We heard clearly from our customers that not every alert/notification from MC is an "Incident." We also know that reporting and retrospectives on "alerts" is not always necessary, but these activities on true data incidents is critical to the success of data teams.

We're better aligning Monte Carlo to accepted industry tooling and terminology: triage alerts and escalate them to incidents where it makes sense, report on those incidents, and communicate them out to stakeholders if appropriate.

The past state of “Incidents” in Monte Carlo has been repurposed as “Alerts.” The use of “Severity” also split into “Priority” for Monitors and Alerts, and “Severity” will remain as the way to mark an Alert as an Incident.
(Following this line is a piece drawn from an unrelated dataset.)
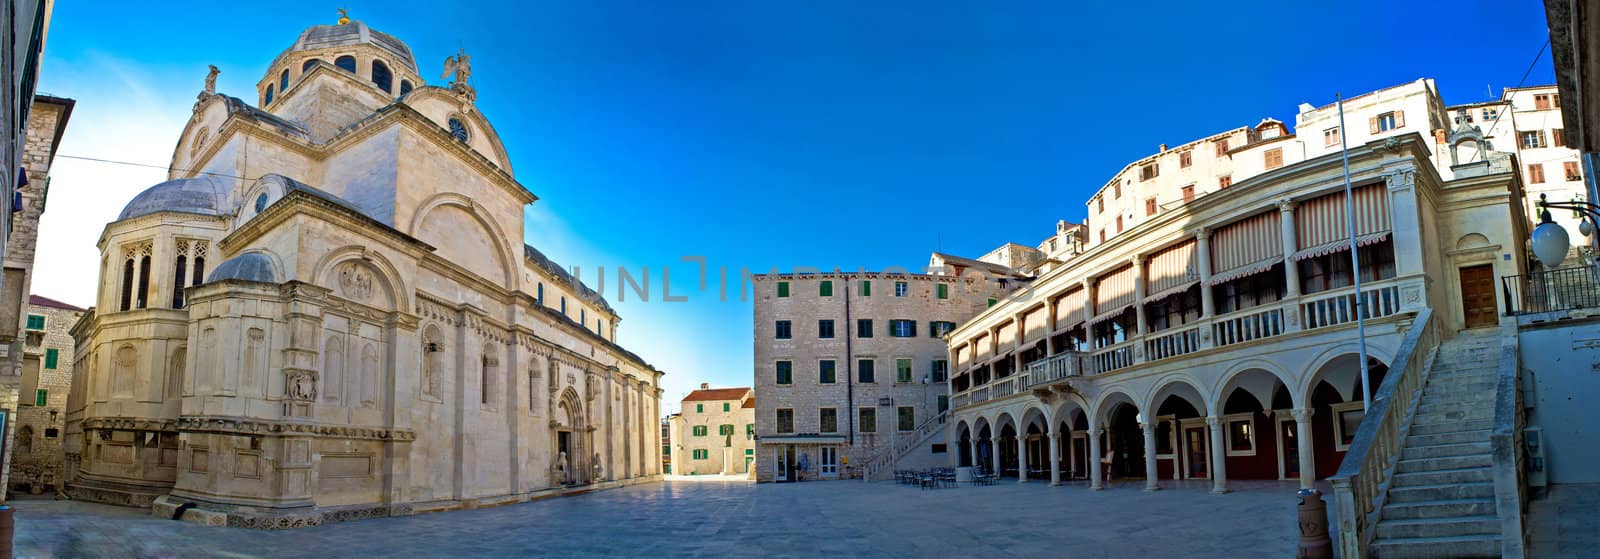 Sibenik UNESCO cathedral square panorama by xbrchx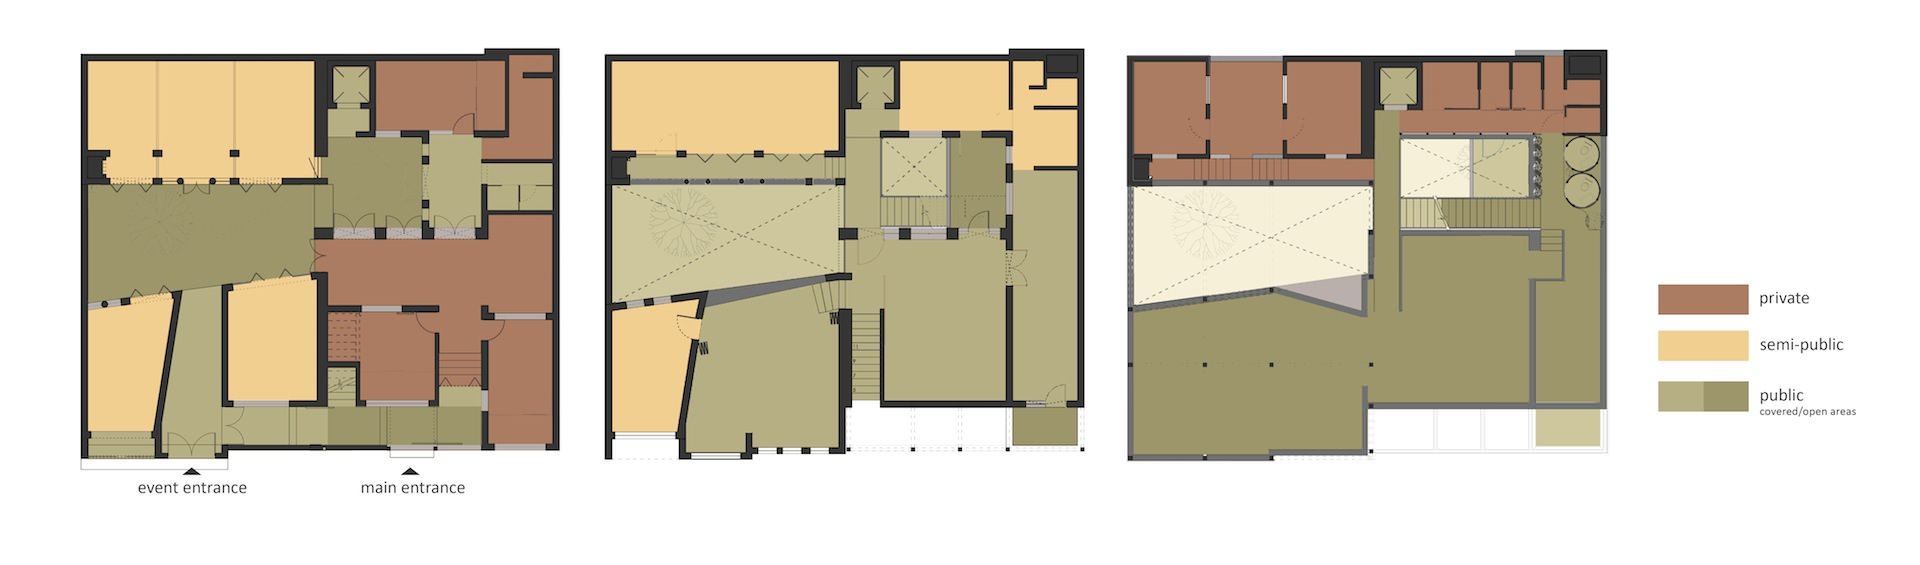 Plans of the new building. (Image: Lotus Design)

  • "Incidents" today become "Alerts" going forward.
  • Custom Monitors can have a pre-set "Priority," replacing the pre-set "Severity" today.
  • "Priority" from a Custom Monitor is inherited to an Alert, but is not changeable on the Alert.
  • "Alerts" can be marked as "Incidents" by utilizing "Severity." This workflow will be further improved in the coming weeks.

More detail on these changes can be found at Introducing: Alerts.